Write again exactly the lines in the listing below, starting at the line with "ERITREA Mostra Di" and ending at the line with "София приема Европейска", both included. Pictures are not copied.

- [Exercise inputs]:
[Start of Attachment]

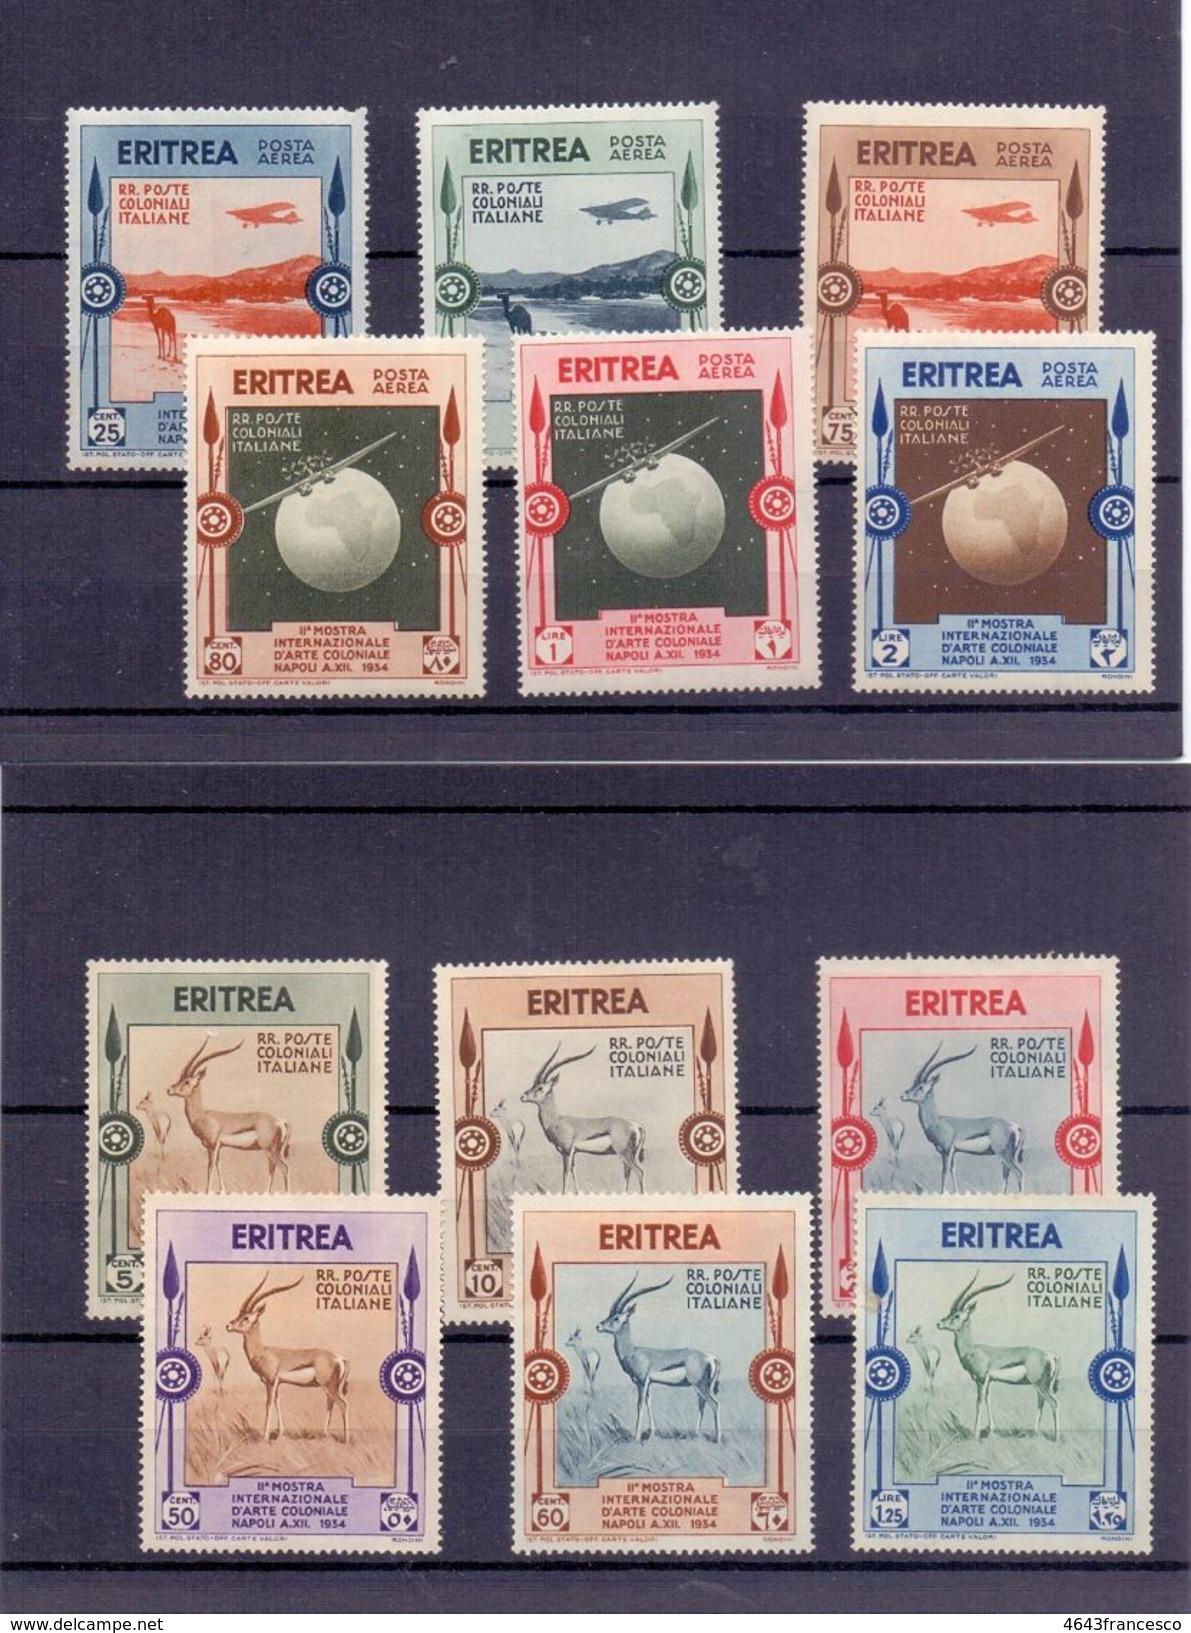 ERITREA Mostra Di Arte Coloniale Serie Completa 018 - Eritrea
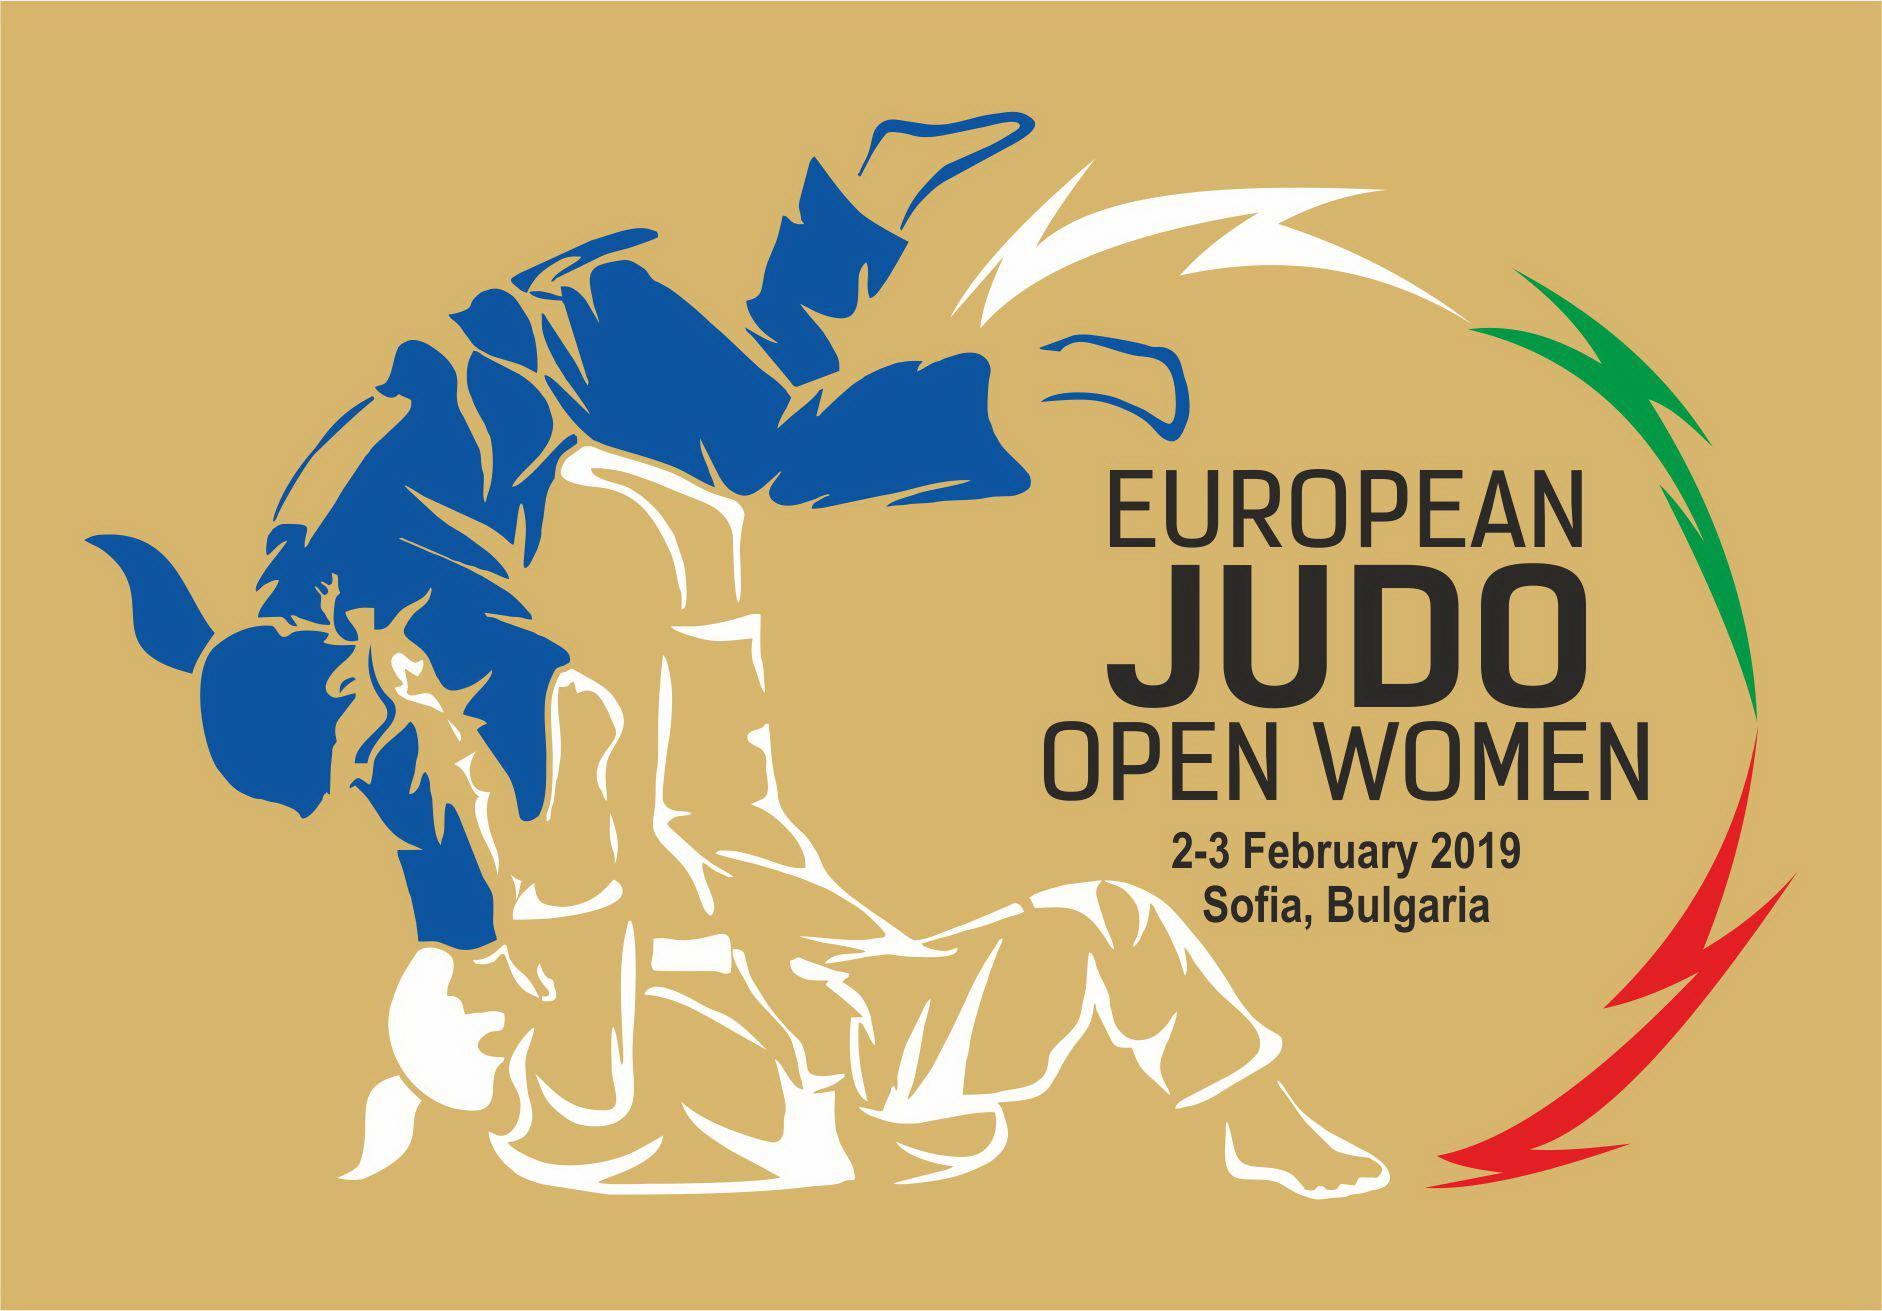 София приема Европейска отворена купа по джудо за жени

[End of Attachment]
[Start of Attachment]

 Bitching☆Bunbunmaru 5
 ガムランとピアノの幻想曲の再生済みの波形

[End of Attachment]
[Start of Attachment]

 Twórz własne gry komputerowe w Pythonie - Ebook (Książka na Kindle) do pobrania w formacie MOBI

[End of Attachment]

- [Solution for this exercise]:
 ERITREA Mostra Di Arte Coloniale Serie Completa 018 - Eritrea
 София приема Европейска отворена купа по джудо за жени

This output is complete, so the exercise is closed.